To start off, she is willing to take Huck in and try to take care of him: "She took me as her son, and allowed she would sivilize me." He is a pretty rough-around-the edges kid, with little manners and not much upbringing. Her willingness to take him in shows just how good of a person that she is. She also shows a lot of love and concern for him. On his occasional run-aways, she is very worried, and "cried over me and called me a poor lost lamb". She also tries to teach him manners, and about the bible, praying, and heaven. So, she's doing her best with him. Then, when Pap comes back and is trying to get Huck's money,
"the widow went to the law to get the courts to...let [her] be my guardian."
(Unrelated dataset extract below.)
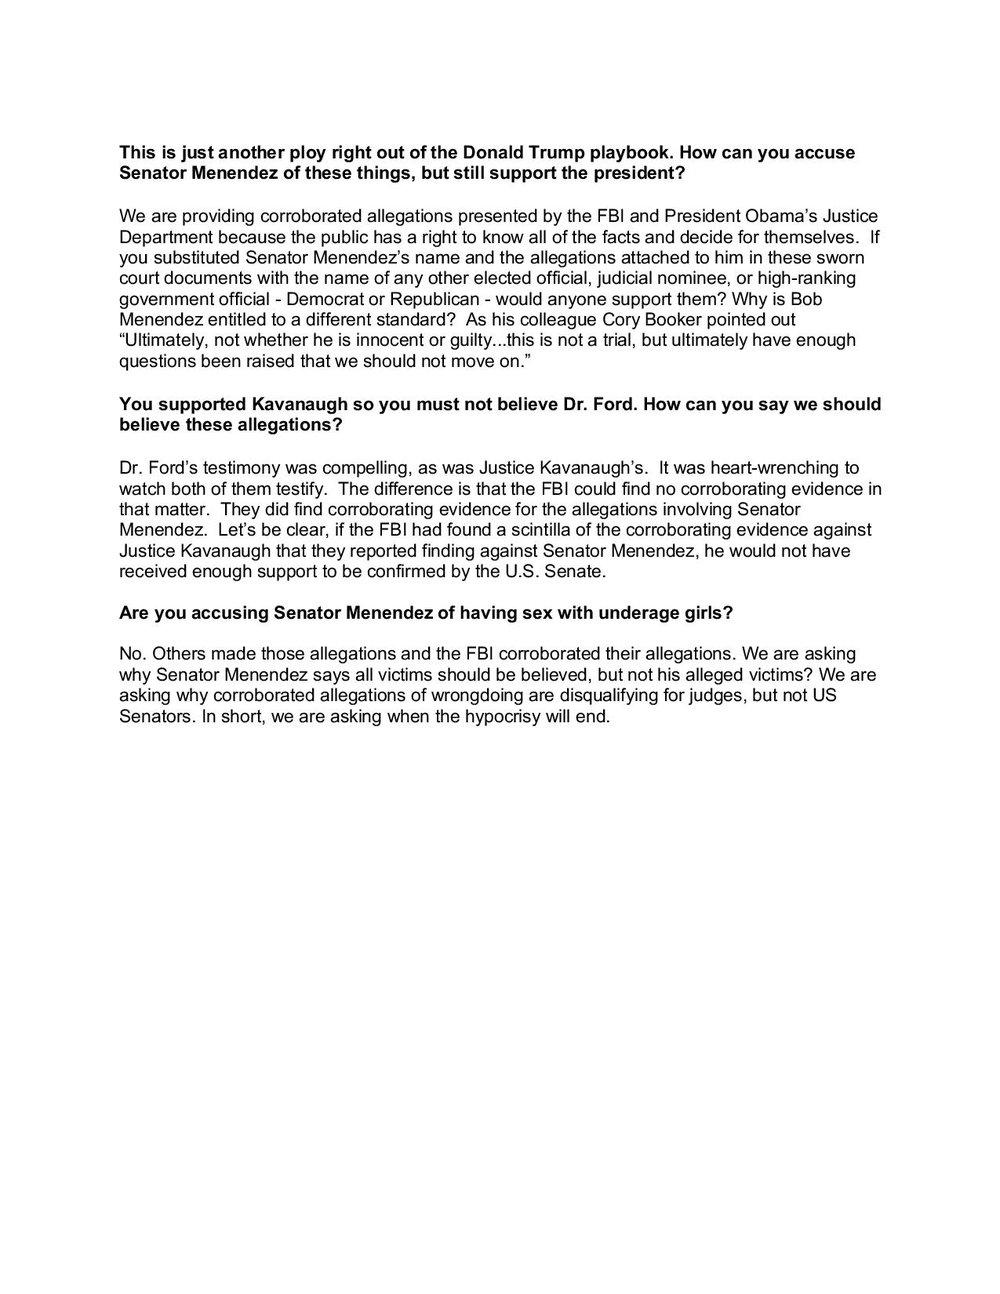 FINAL - Q&A FBI Menendez-page-004.jpg

So she not only takes him in, but tries to save him from his abusive father by trying to adopt him. She takes action to keep him for hers for good. This reflects her parental nature, good sense, and kind heart.
Her parenting is a bit naive though; she takes a pretty uncivilized Huck and expects him to be mannered and still right away, and to get everything perfectly the first time. She was also a bit of a hypocrite, telling Huck to stop smoking because "it was a mean practice and wasn't clean," but at the same time, "she took snuff"; so, she was giving out orders that she wasn't keeping herself.
Other than a bit of naivety and being a bit hypocritical on some things, I would say the widow is doing a good job, doing the best that she can, given her circumstances. Huck is lucky to have her.